The US ride-hailing company Uber is offering Delivery Hero shareholders €41.50 per share, valuing the Berlin-based company at approximately €12.7 billion. Major shareholder Prosus has already agreed and is contributing its nearly 17 percent stake, meaning Uber has already surpassed the minimum threshold of 50 percent plus one share.
Berlin, July 16, 2026
The US ride-hailing company Uber on Thursday presented a public takeover offer for the Berlin-based food delivery company Delivery Hero, which is intended to compensate shareholders with a total of approximately €12.7 billion.
Offer in detail
As Uber announced on Thursday, shareholders of the Berlin company will receive €41.50 per share.
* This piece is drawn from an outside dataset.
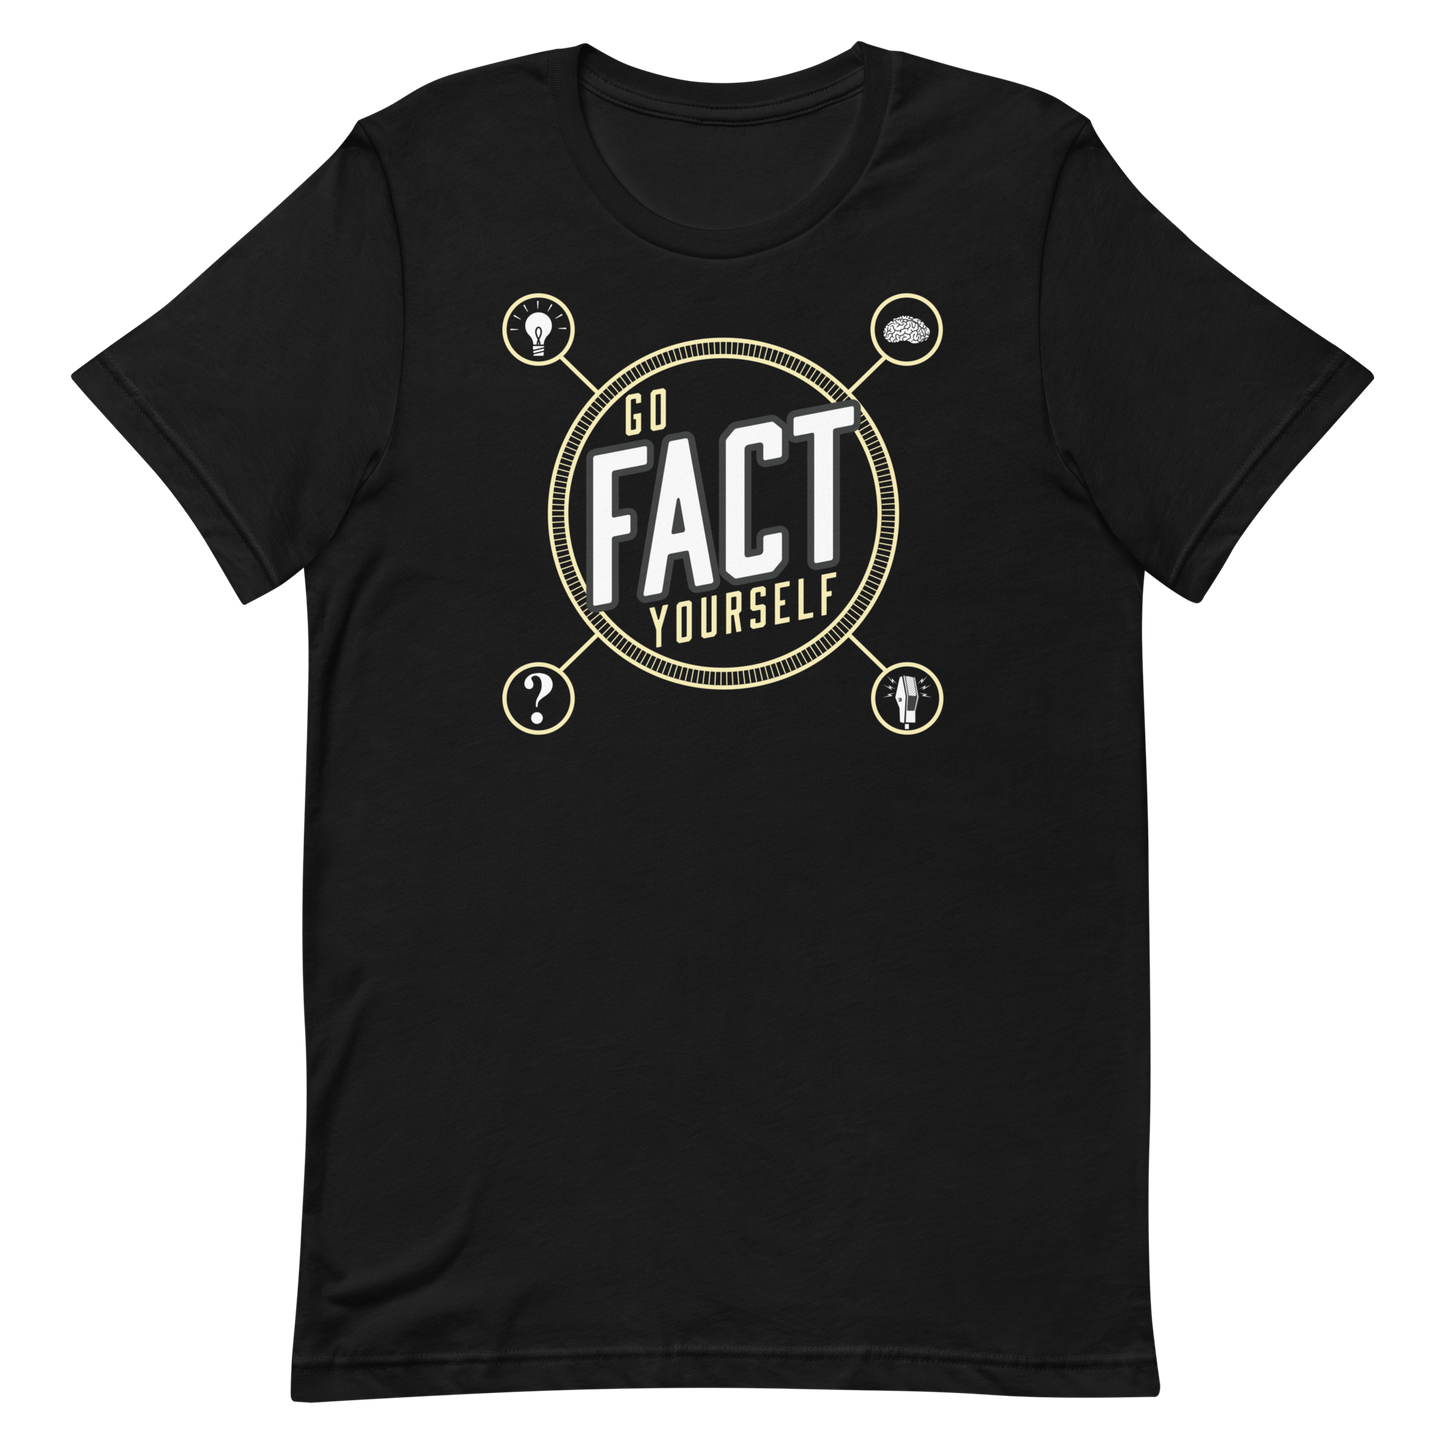 Go Fact Yourself logo T-shirt

This values Delivery Hero at approximately €12.7 billion overall, „wobei Uber sich inklusive Derivaten bereits knapp 37 Prozent gesichert hat“. „Der US-Konzern legte den Aktionären von Delivery Hero am Donnerstag ein Angebot über 41,50 Euro je Anteilsschein vor“, according to the dpa news channel. The price of the Delivery Hero share already rose by three percent in pre-market trading to €39.35.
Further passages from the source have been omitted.